Knowledge Bank tutorial complete code
import dataiku
from langchain_community.document_loaders import PyPDFLoader
from langchain.text_splitter import CharacterTextSplitter
from langchain.chains.question_answering import load_qa_chain


# Creating your Knowledge Bank
KB_NAME = ""
EMBED_LLM_ID = ""

client = dataiku.api_client()
project = client.get_default_project()
dss_kb = project.create_knowledge_bank(KB_NAME, "CHROMA", EMBED_LLM_ID)

# Adding embeded content to your Knowledge Bank
FILE_URL = "https://bit.ly/GEP-Jan-2024" # Update as needed

loader = PyPDFLoader(FILE_URL)
documents = []
async for page in loader.alazy_load():
    documents.append(page)

CHUNK_SIZE = 1000
CHUNK_OVERLAP = 100
splitter = CharacterTextSplitter(chunk_size=CHUNK_SIZE,
                                 separator='\n',
                                 chunk_overlap=CHUNK_OVERLAP,
                                 length_function=len)
chunked_documents = splitter.split_documents(documents)

kb_core = dss_kb.as_core_knowledge_bank()

with kb_core.get_writer() as writer:
    langchain_vs = writer.as_langchain_vectorstore()
    langchain_vs.add_documents(chunked_documents)

# Query a LLM with improved context from your Knowledge Bank
LLM_ID = ""  # Fill with your LLM-Mesh id

vector_store = kb_core.as_langchain_vectorstore()
llm = project.get_llm(llm_id=LLM_ID).as_langchain_chat_model()

# Create the question answering chain
chain = load_qa_chain(llm, chain_type="stuff")
query = "What will inflation in Europe look like and why?"
search_results = vector_store.similarity_search(query)

# ⚡ Get the results ⚡
resp = chain({"input_documents":search_results, "question": query})
print(resp["output_text"])

Reference documentation#

Classes#

dataikuapi.DSSClient(host[, api_key, ...])

Entry point for the DSS API client

dataikuapi.dss.knowledgebank.DSSKnowledgeBank(...)

A handle to interact with a DSS-managed knowledge bank.

dataikuapi.dss.project.DSSProject(client, ...)

A handle to interact with a project on the DSS instance.

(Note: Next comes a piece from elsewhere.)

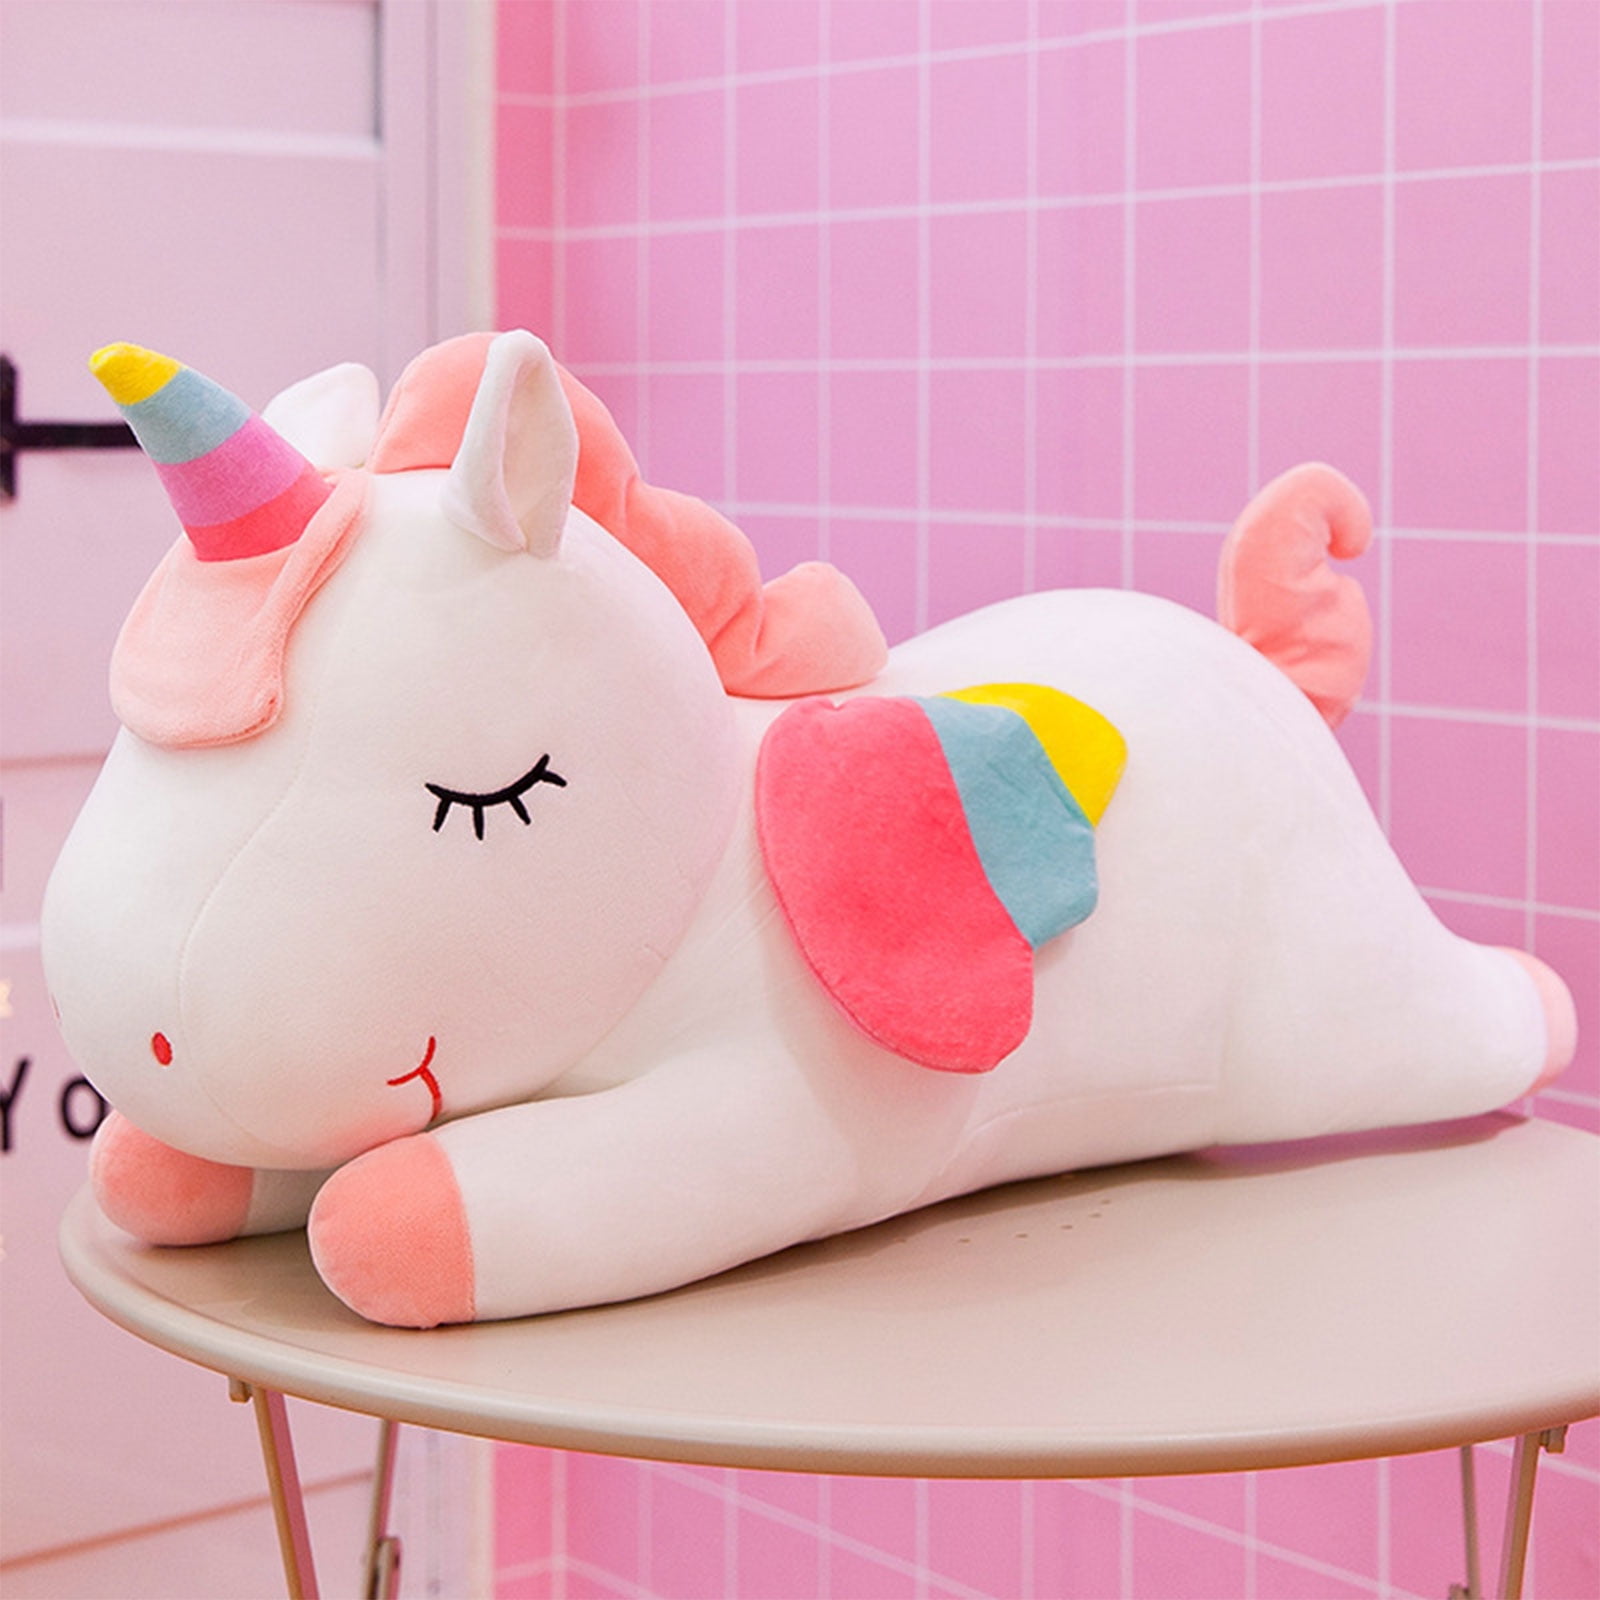 34inch Large Unicorn Plush Soft Doll Stuffed Animal Horse Toy Gift For Kids Girl

dataiku.KnowledgeBank(id[, project_key])

This is a handle to interact with a Dataiku Knowledge Bank flow object

Functions#

as_core_knowledge_bank()

Get the dataiku.KnowledgeBank object corresponding to this knowledge bank

as_langchain_chat_model(**data)

Create a langchain-compatible chat LLM object for this LLM.

as_langchain_vectorstore(**vectorstore_kwargs)

Gets this writer as a Langchain Vectorstore object

as_langchain_vectorstore(**vectorstore_kwargs)

Get the current version of this knowledge bank as a Langchain Vectorstore object.

create_knowledge_bank(name, ...[, settings])

Create a new knowledge bank in the project, and return a handle to interact with it

get_default_project()

Get a handle to the current default project, if available (i.e.

get_writer()

Gets a writer on the latest vector store files on disk.